- About this task
All of the data that follows should be given again exactly, without its images.

- Collected data
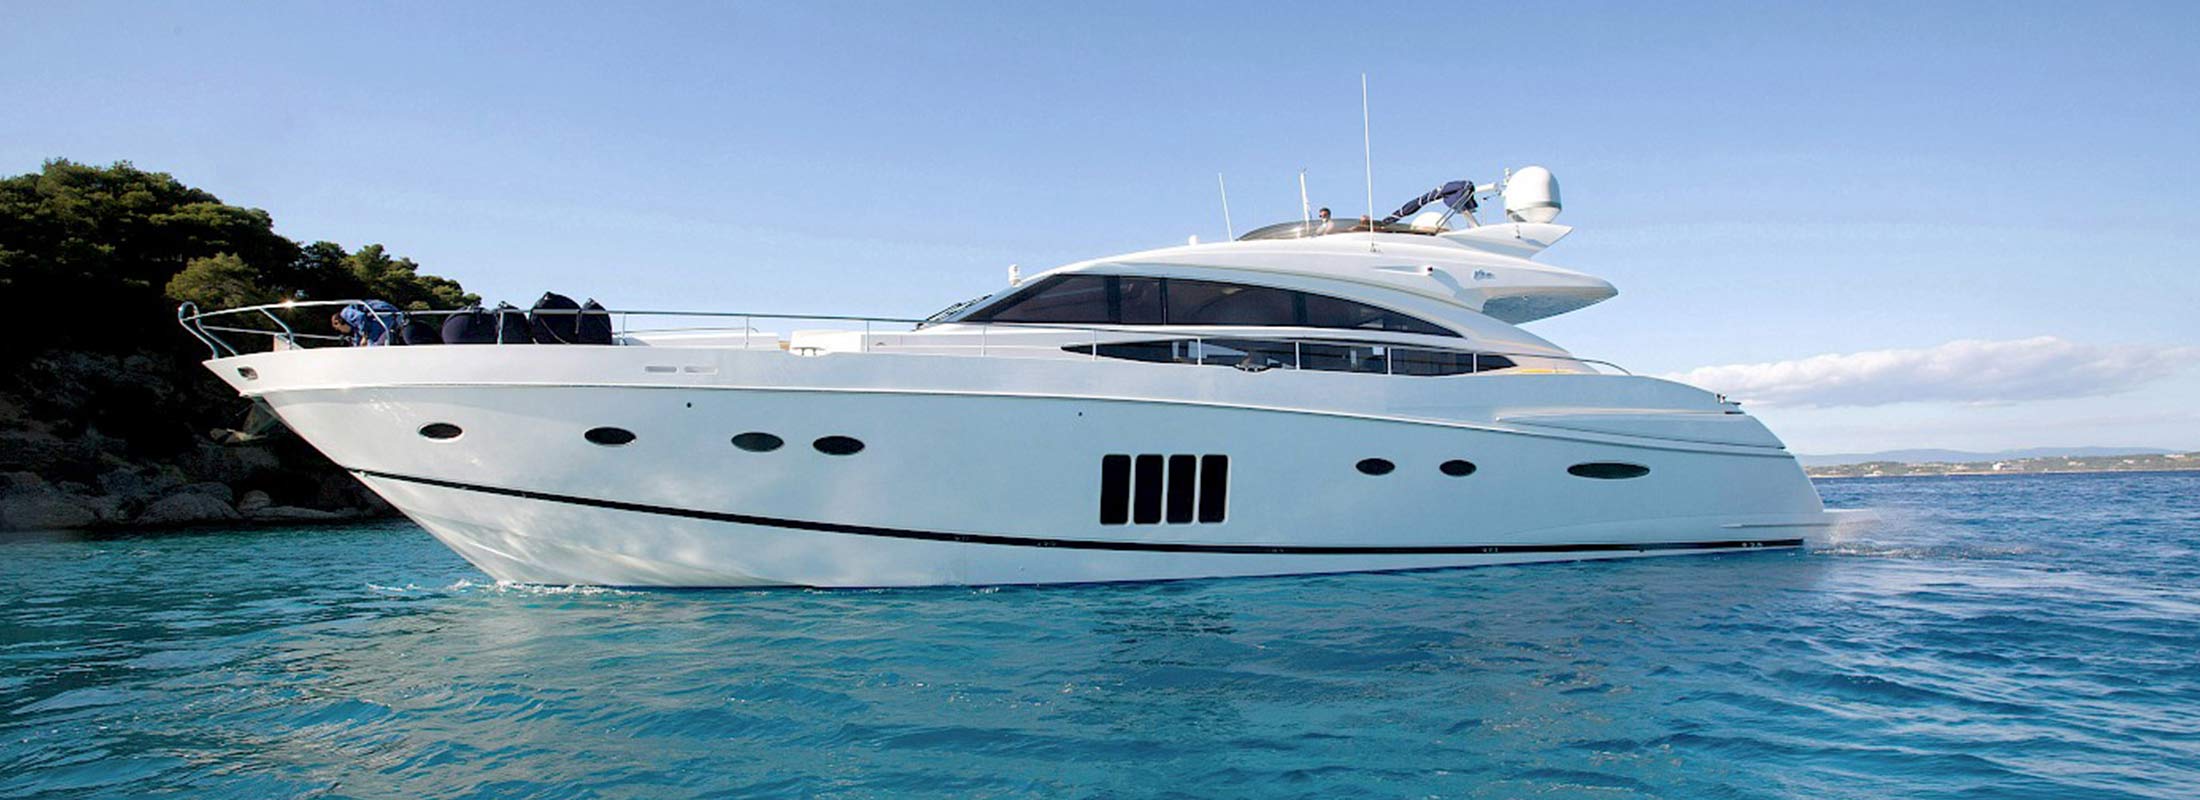 Catherine Motor Yacht for Charter Mediterranean slider 1
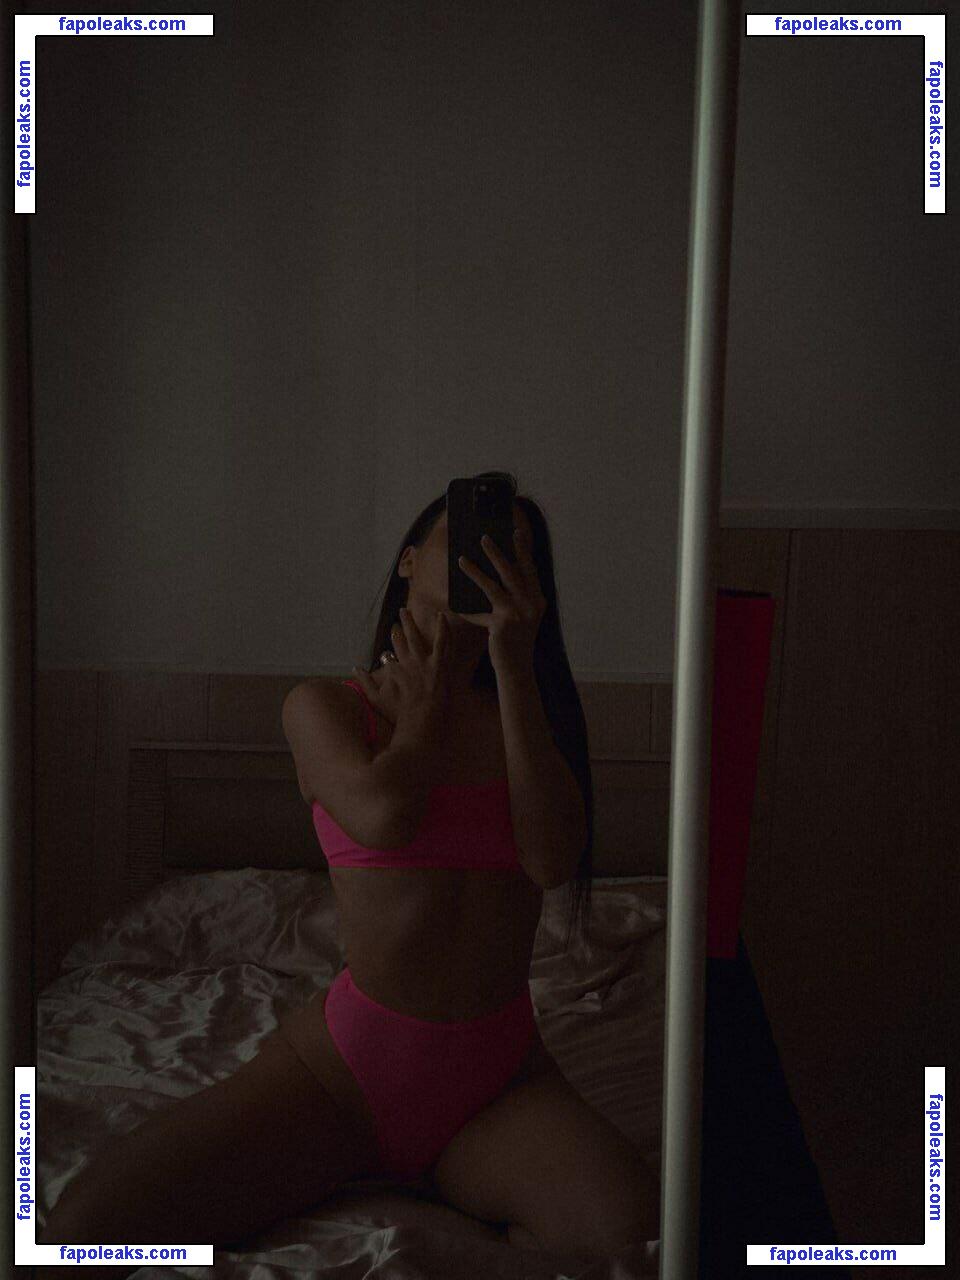 Anastasia Steklova / astklv nude photo #0259 from OnlyFans
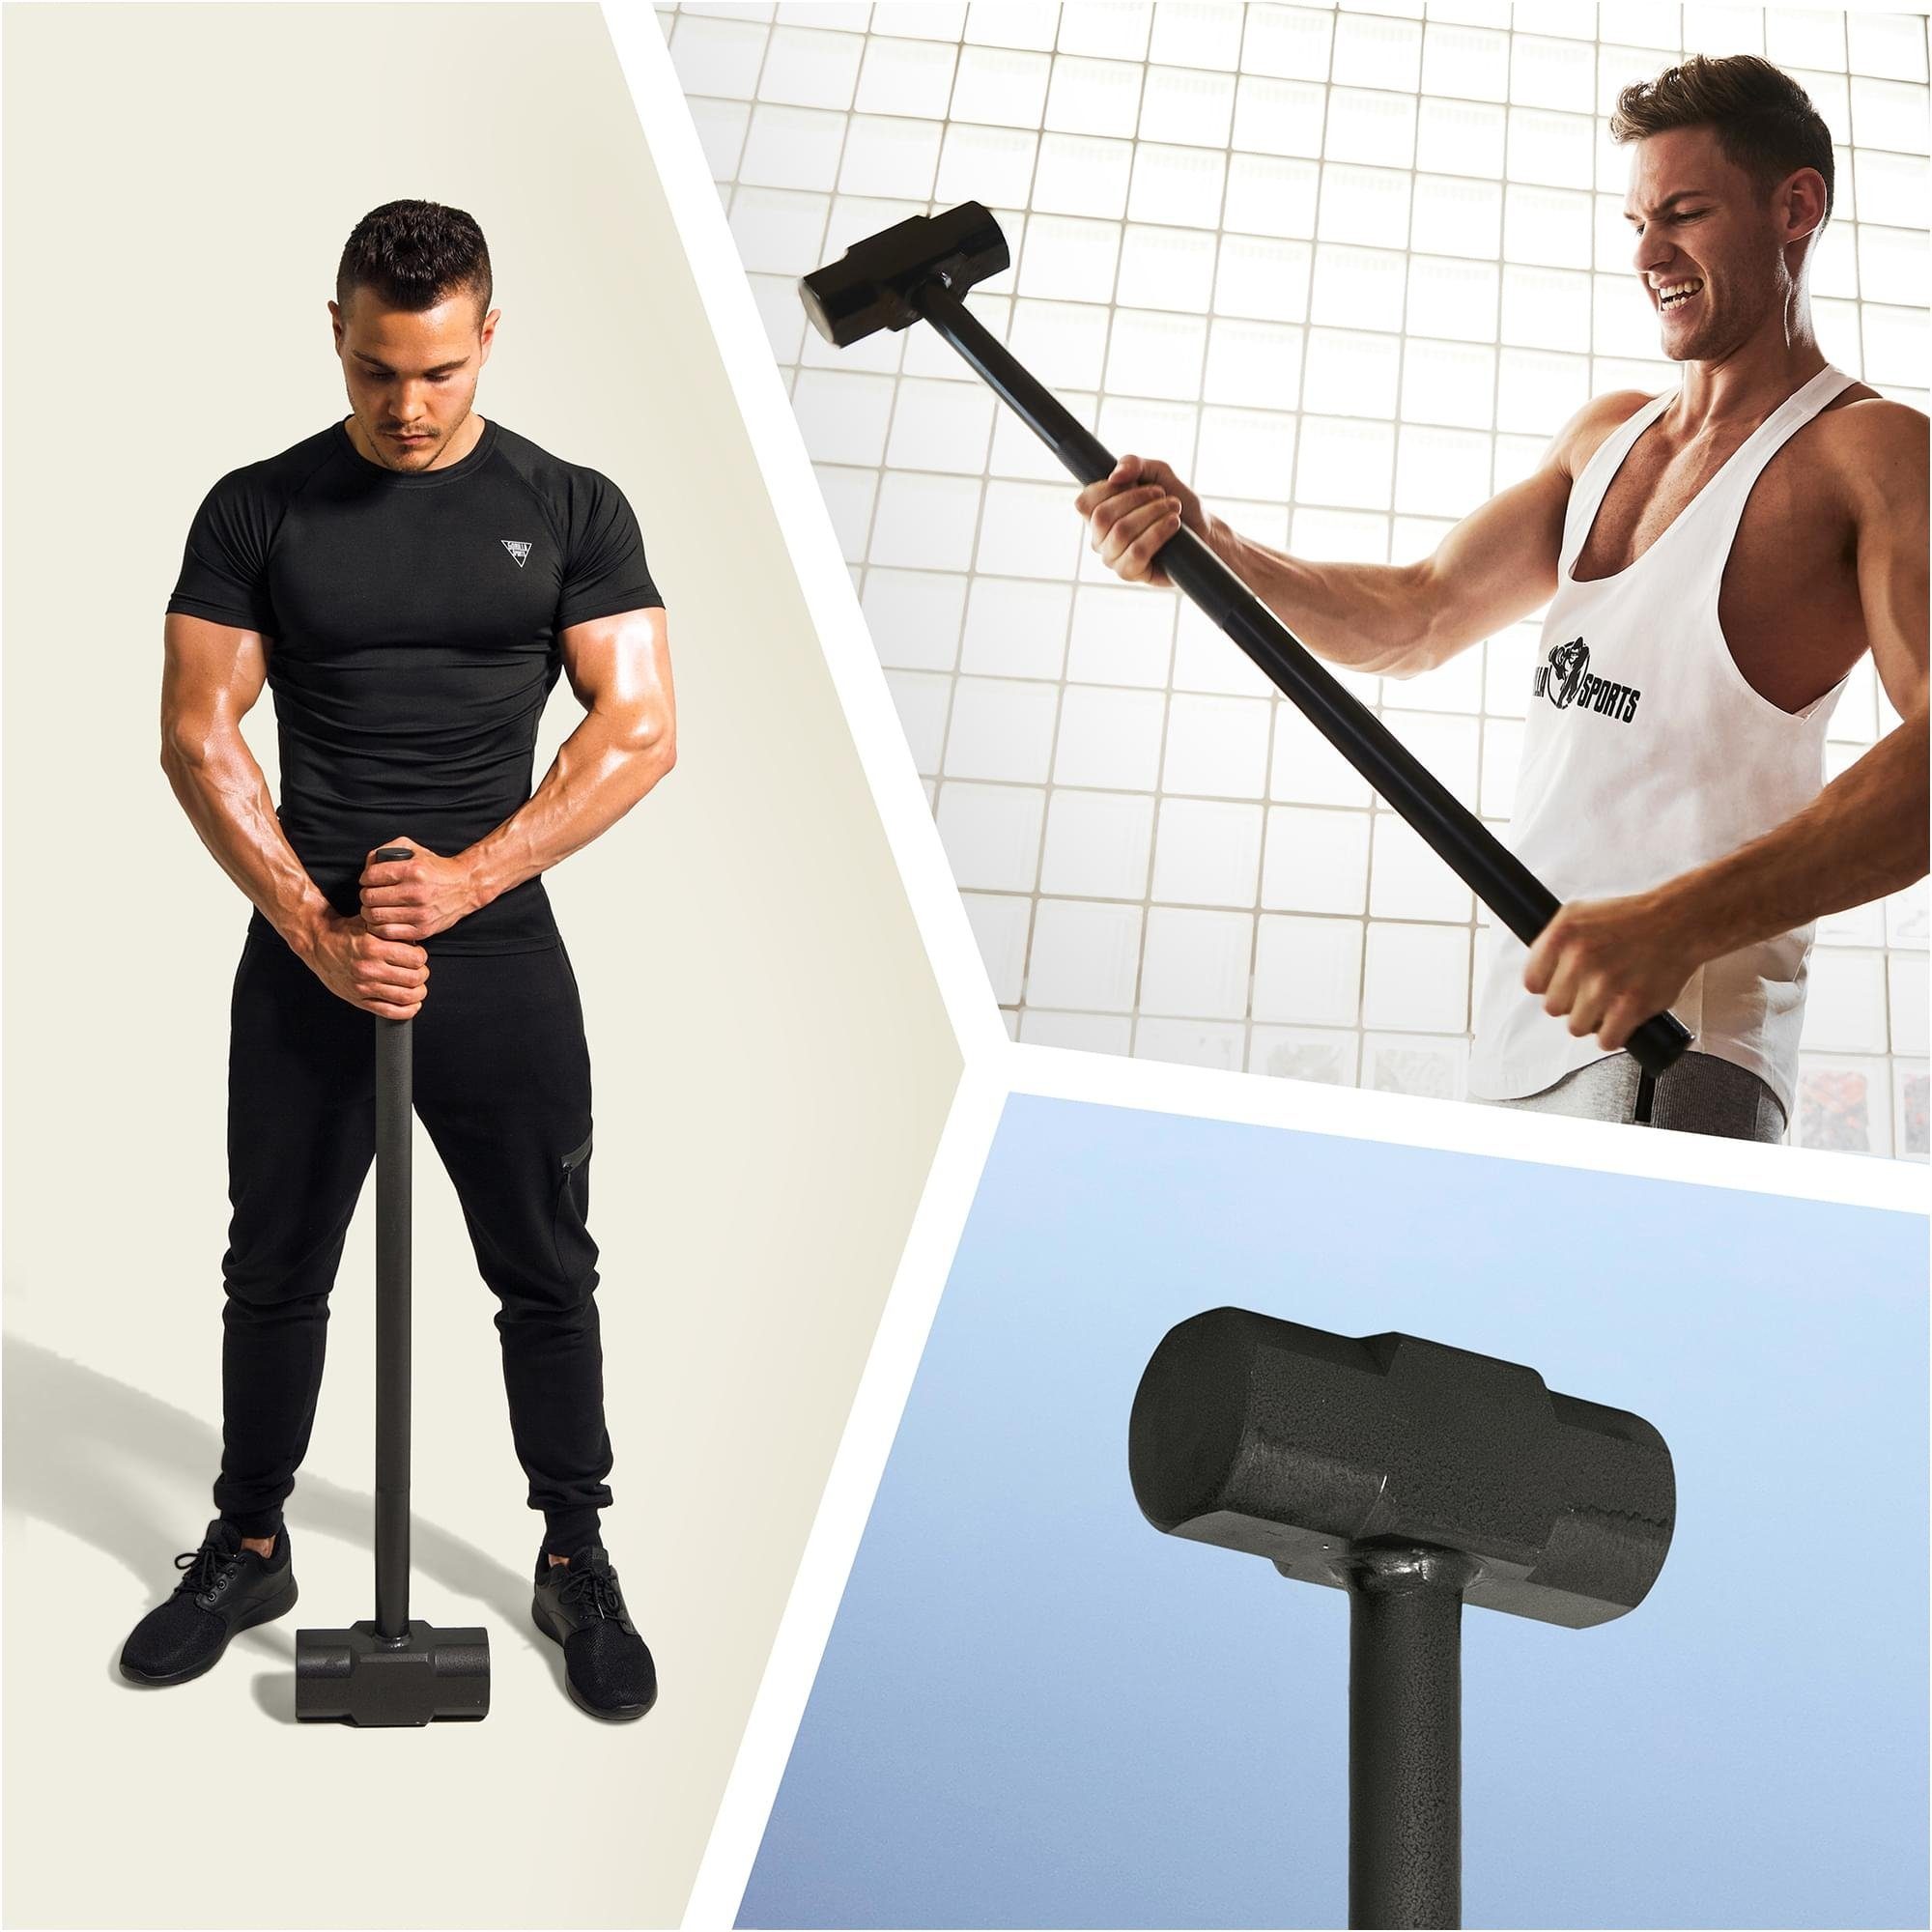 Gym-Hammer Stahl - 6 Zusatzgewichte Hohl - Griff, GORILLA Fitnesshammer, SPORTS kg Gewichtshammer,

- Your solution
 Catherine Motor Yacht for Charter Mediterranean slider 1
 Anastasia Steklova / astklv nude photo #0259 from OnlyFans
 Gym-Hammer Stahl - 6 Zusatzgewichte Hohl - Griff, GORILLA Fitnesshammer, SPORTS kg Gewichtshammer,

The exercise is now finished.